* Task prompt *
Output the data below exactly, without images.

* Information supplied *
-=-=-=-=-

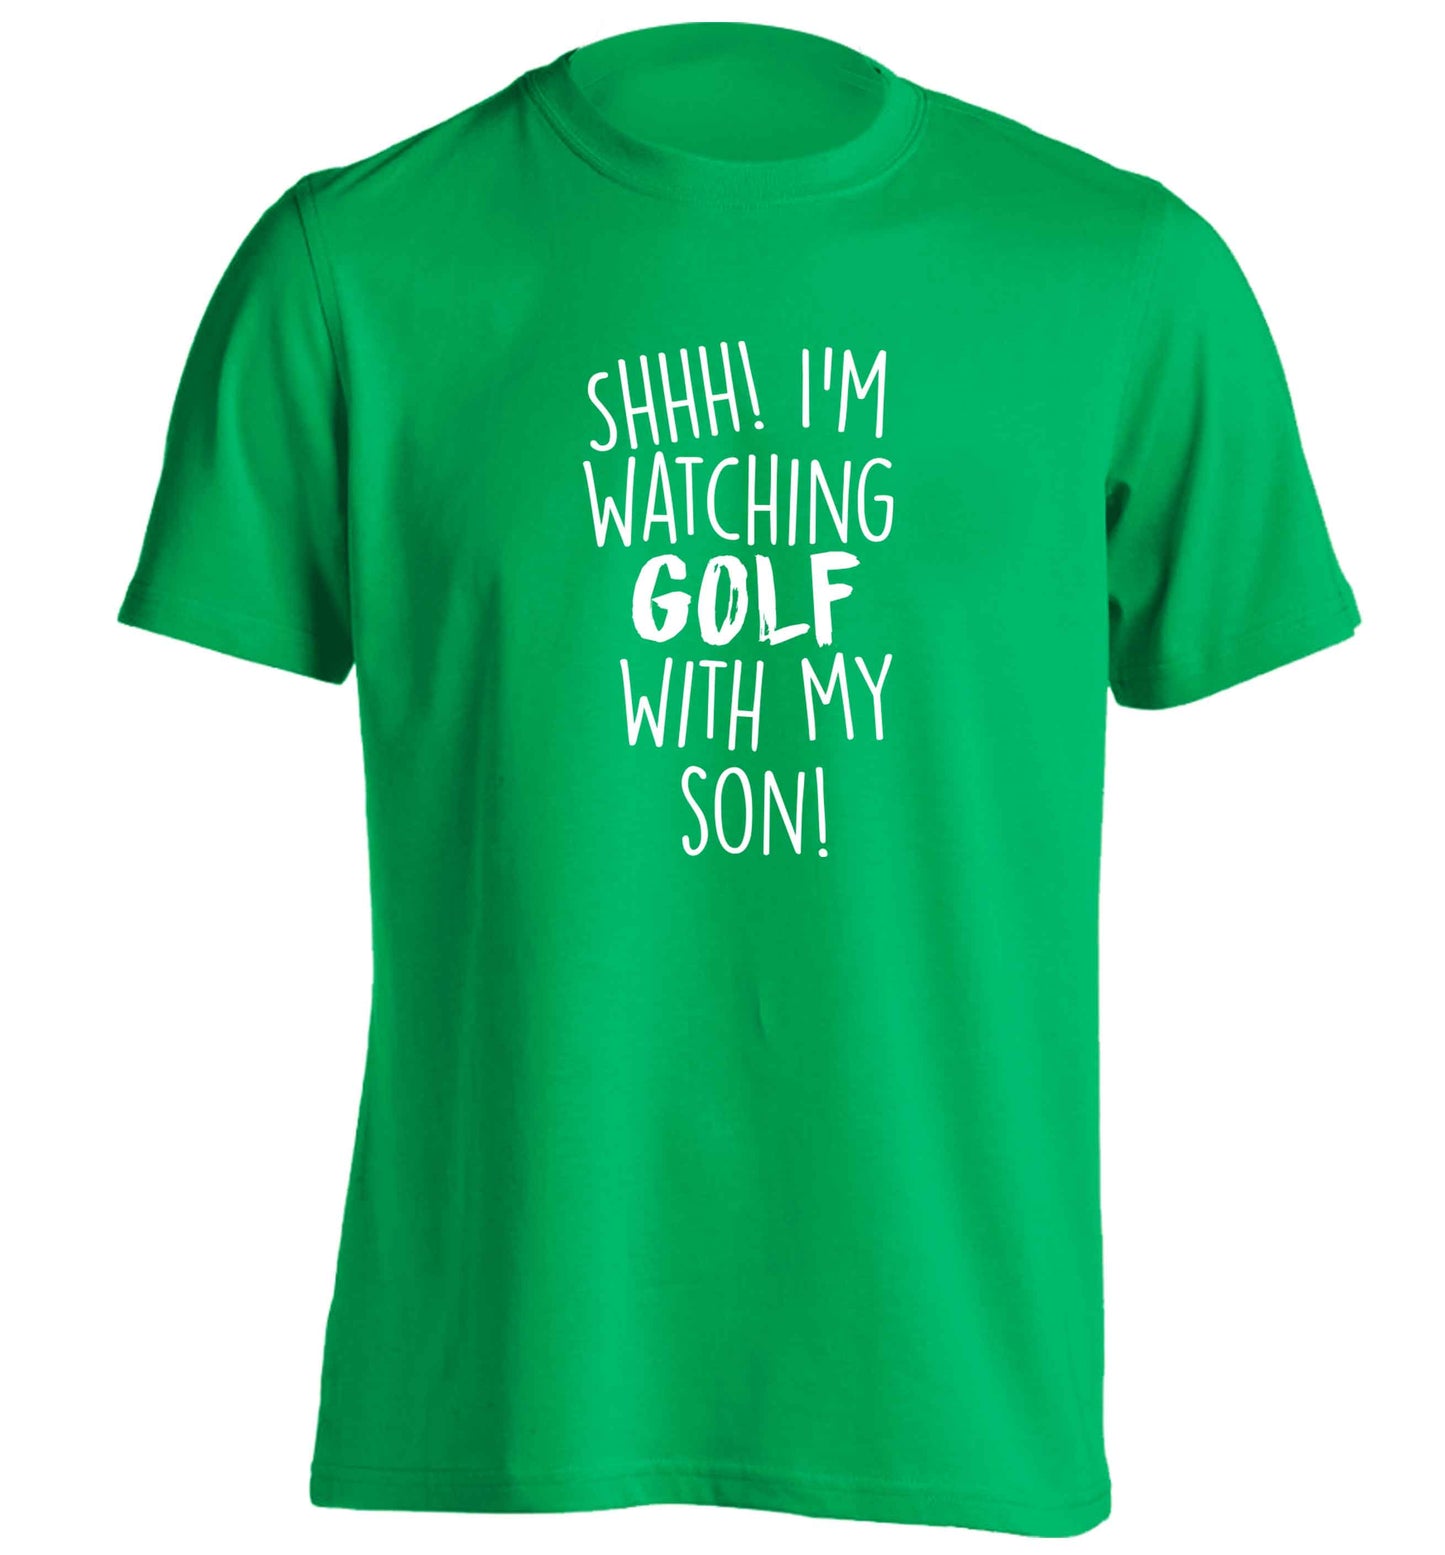 Shh I'm watching golf with my son adults unisex green Tshirt 2XL
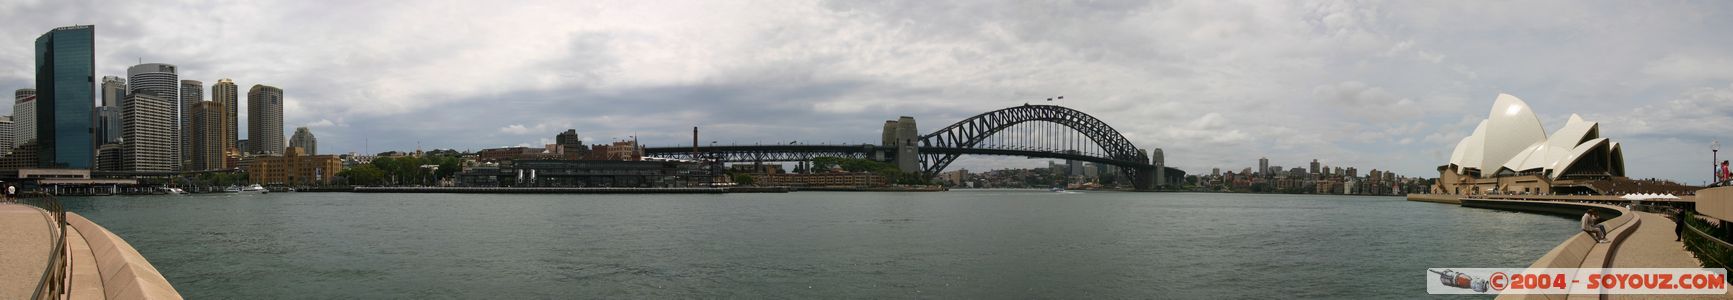 Sydney - Circular Quay, Harbour Bridge and Opera House panorama
Mots-clés: patrimoine unesco Opera House Harbour Bridge

-=-=-=-=-

* Output of the task *
 Shh I'm watching golf with my son adults unisex green Tshirt 2XL
 Sydney - Circular Quay, Harbour Bridge and Opera House panorama
Mots-clés: patrimoine unesco Opera House Harbour Bridge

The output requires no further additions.